> [What to work on] Nothing but the lines below between the line holding "Fiese feminine Soldatin, die" and the line holding "ECHO Grant Program 2002-2012", inclusive, should appear in the answer, each set down exactly.

> [Records shown]
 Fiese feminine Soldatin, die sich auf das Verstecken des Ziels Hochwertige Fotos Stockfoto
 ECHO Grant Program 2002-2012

* * *

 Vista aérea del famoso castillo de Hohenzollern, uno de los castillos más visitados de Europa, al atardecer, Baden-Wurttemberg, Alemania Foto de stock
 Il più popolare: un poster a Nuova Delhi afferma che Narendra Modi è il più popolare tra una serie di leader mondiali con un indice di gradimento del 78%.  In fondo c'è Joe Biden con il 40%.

> [Response]
 Fiese feminine Soldatin, die sich auf das Verstecken des Ziels Hochwertige Fotos Stockfoto
 ECHO Grant Program 2002-2012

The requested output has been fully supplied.